Clegg’s ‘NHS rebellion’ is playfighting if no change on competition

Dominic Browne looks at the key compromises Clegg has to achieve on the health bill before he can anything to boast about.

Nick Clegg and David Cameron

Much fuss was made this morning over Nick Clegg’s rebellion over the NHS reforms, as reported in the national newspapers.

However, the Liberal Democrat leader seems to be kicking up a fuss by focusing on GP Consortia which – as Andrew Lansley has said – have already been introduced across much of the country. Indeed as the right-wing press have reported, this could be portrayed as Clegg trying to steal credit for Cameron’s compromises.

However, nowhere in the reporting is it mentioned that Clegg is asking for concessions on competition and the role of prospective regulator; Monitor. This is one of the BMA’s key concerns over the reforms. It points out that:

• Clause 52 of the Bill states that “the main duty of Monitor in exercising its functions is to protect and promote the interests of people who use health care services —
(a) by promoting competition where appropriate, and
(b) through regulation where necessary”
Clause 60 of the Bill gives Monitor the same powers the OFT has under the 1998 Competition Act, following the model used in a number of privatised industries, including gas, telecommunications, electricity and water.

Dr David Bennett, the newly appointed chairman of Monitor, has already expressed his enthusiasm for such a set up, stating that the privatisation of British utilities produced benefits that could replicated in the NHS.

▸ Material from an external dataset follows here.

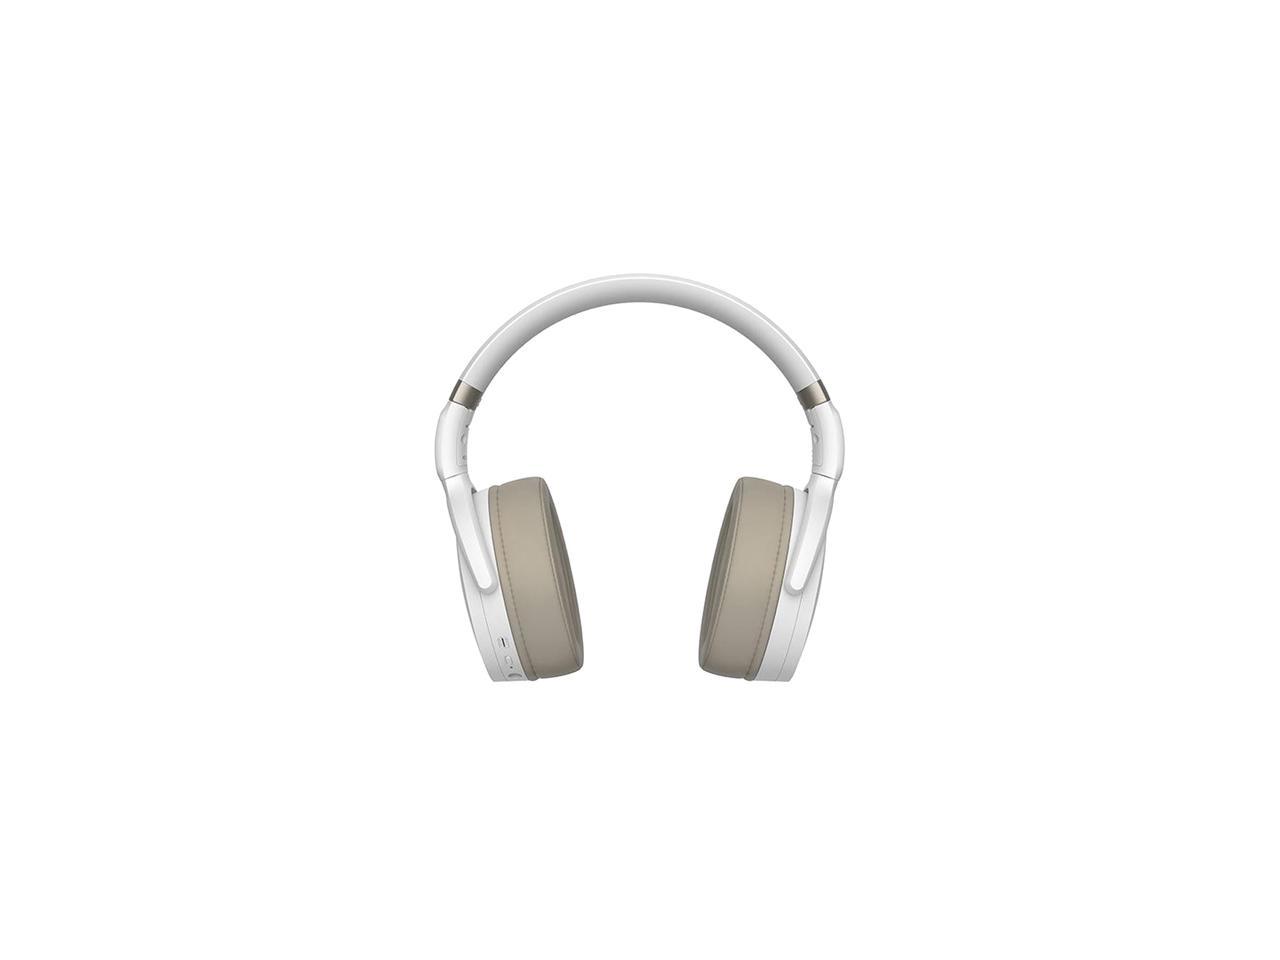 Sennheiser HD 450BT Bluetooth 5.0 Wireless Active Noise Cancellation Headphones - White (508387)

In a direct rejection of this idea the BMA have stated it “does not believe that healthcare should be treated in the same way as the privatised telecommunications and energy industries”. They detailed their concerns over the issue:

• Monitor will focus more on enforcing competition in health services than on the continued provision of efficient and effective healthcare

• The pressure to apply competition rules could divert providers and commissioners from their key task of designing and maintaining high-quality patient care. There is a risk that it will become difficult or impossible for commissioners and providers to operate in the best interests of patients, for fear of being open to frequent and costly legal challenges for anti-competitive practices

• Local health services and patient care may become fragmented and / or destabilised if arrangements between local providers and commissioners that have worked well in the past are deemed anticompetitive by Monitor

• Existing NHS services could be at risk of closure, despite being popular with patients and delivering high quality care

• The partnership model of care provided by GPs and hospitals doctors could be disrupted and replaced by the inevitable instability of competitive tendering for health services

The BMA is committed to an NHS that cares for patients through co-operation, not competition. Monitor’s key task must be to maintain access to high quality patient care, rather than promoting competition. Only by removing the duty on Monitor to promote competition can it be ensured that commissioners and providers are given the freedom to operate in the best interests of their patients. The BMA is therefore seeking an amendment to Clause 52, removing Monitor’s duty to promote competition. Moves in the Bill to provide Monitor with concurrent powers with the Office of Fair Trading to apply the Competition Act 1998, following the model used in various utility industries, are worrying. The BMA is seeking the removal of Clause 60.

The Royal College of General Practitioners have also attacked the reforms in the papers today and have outlines similar concerns to the BMA’s. Unless Clegg takes action on competition, and not just GP consortia, this rebellion is just playfighting.